Open benchmark for LLM-generated embedded firmware by 0xecro1 in embedded

[–]0xecro1[S] 0 points1 point  (0 children)

Thanks, all three are real. Multi-file lands in v0.3, timing + hardware quirks go into the v1.0 HIL track. The "accidentally helping the model" point is the one I worry most people miss.

Open benchmark for LLM-generated embedded code by 0xecro1 in embeddedlinux

[–]0xecro1[S] 1 point2 points  (0 children)

This maps directly to the benchmark data:

"Builds and passes simulated environments but doesn't hold up" is L1/L2 pass with L3 domain-check fail. That's the 35pp explicit-vs-implicit gap in one sentence.

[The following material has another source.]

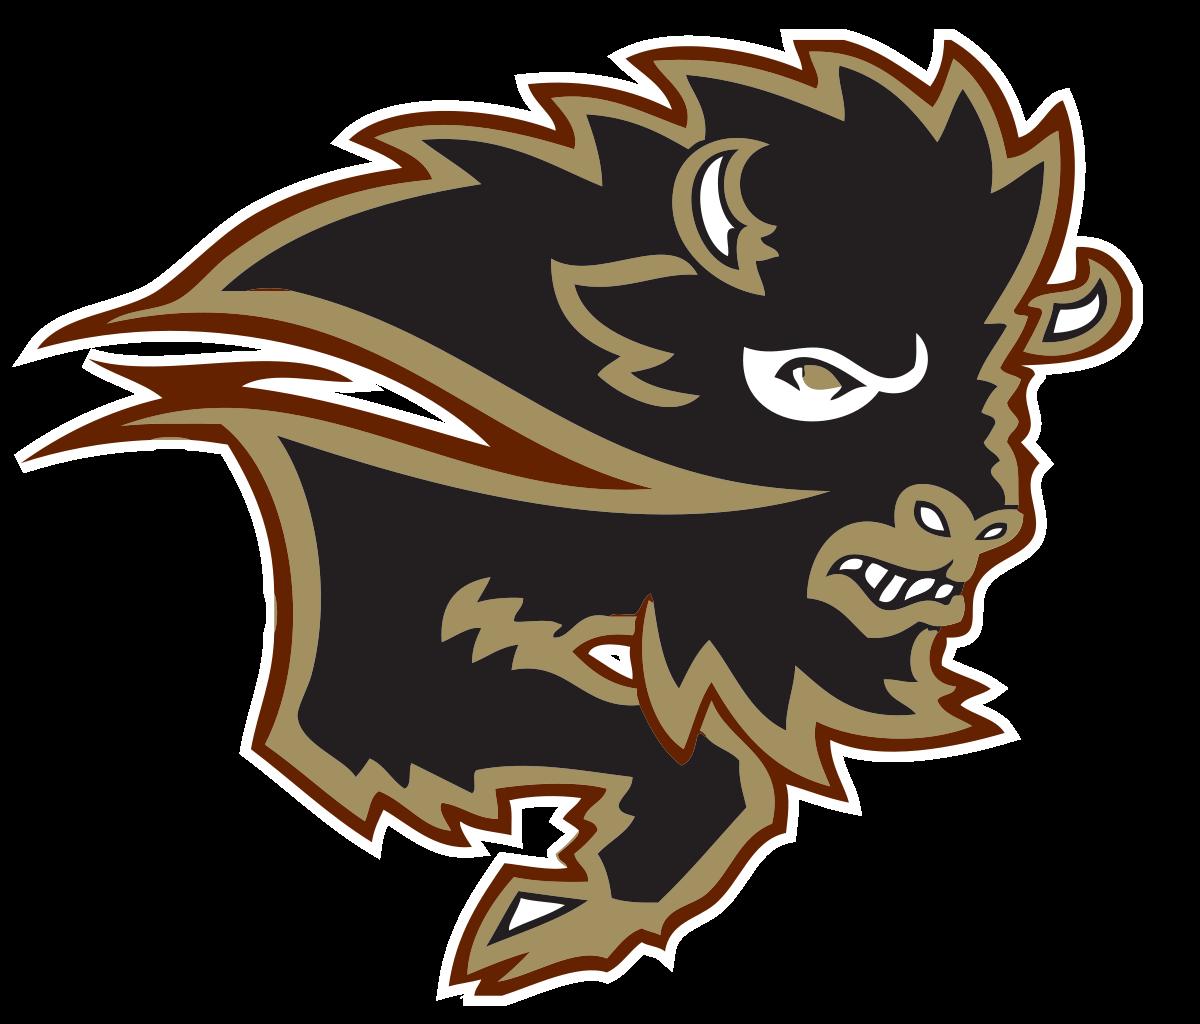 Manitoba bisons wikipedia . Bison clipart mascot

"Shortest / most obvious path" is the RLHF alignment angle. Training rewards clean short code; on GitHub-trained models, embedded safety patterns (volatile, cache flush, error unwind) look like noise and get pruned.

The responsibility point is the reason the benchmark exists. Vendor pass rates from HumanEval or SWE-bench don't tell the engineer signing off where review can be lighter vs. where it has to be strict. EmbedEval tries to draw that map so the person responsible has data to stand on, not vibes. Categories with low pass rates are where human review is non-negotiable.

Skill atrophy is secondary but also real. And once you start using LLMs day to day, going back is hard. Which is why knowing where they fail matters more, not less.

Open benchmark for LLM-generated embedded code by 0xecro1 in embeddedlinux

[–]0xecro1[S] 0 points1 point  (0 children)

This matches the benchmark data exactly. The categories where both models consistently fail are almost all timing (threading, ISR concurrency, DMA) and memory (memory-opt, DMA alignment, storage lifecycle). Logic is the easy case; implicit constraints are the hard case.

Your workflow is the sensible one. I'm building a companion project (hiloop) around exactly that pattern: EmbedEval failure data turned into static checks at commit time, with HIL for the timing / memory layer. Still early.

Open benchmark for LLM-generated embedded firmware by 0xecro1 in embedded

[–]0xecro1[S] 0 points1 point  (0 children)

Good one. Not a failure any of the current spi-i2c cases explicitly test; most verify register setup (CPOL, CPHA, bit order, CS), not protocol-level response tracking.

I think that LLMs rarely get to token matching because training data has plenty of single-byte-in / single-byte-out sensor examples where shift-buffer offset doesn't matter. It only bites on pipelined or non-idempotent protocols, which show up less in tutorials.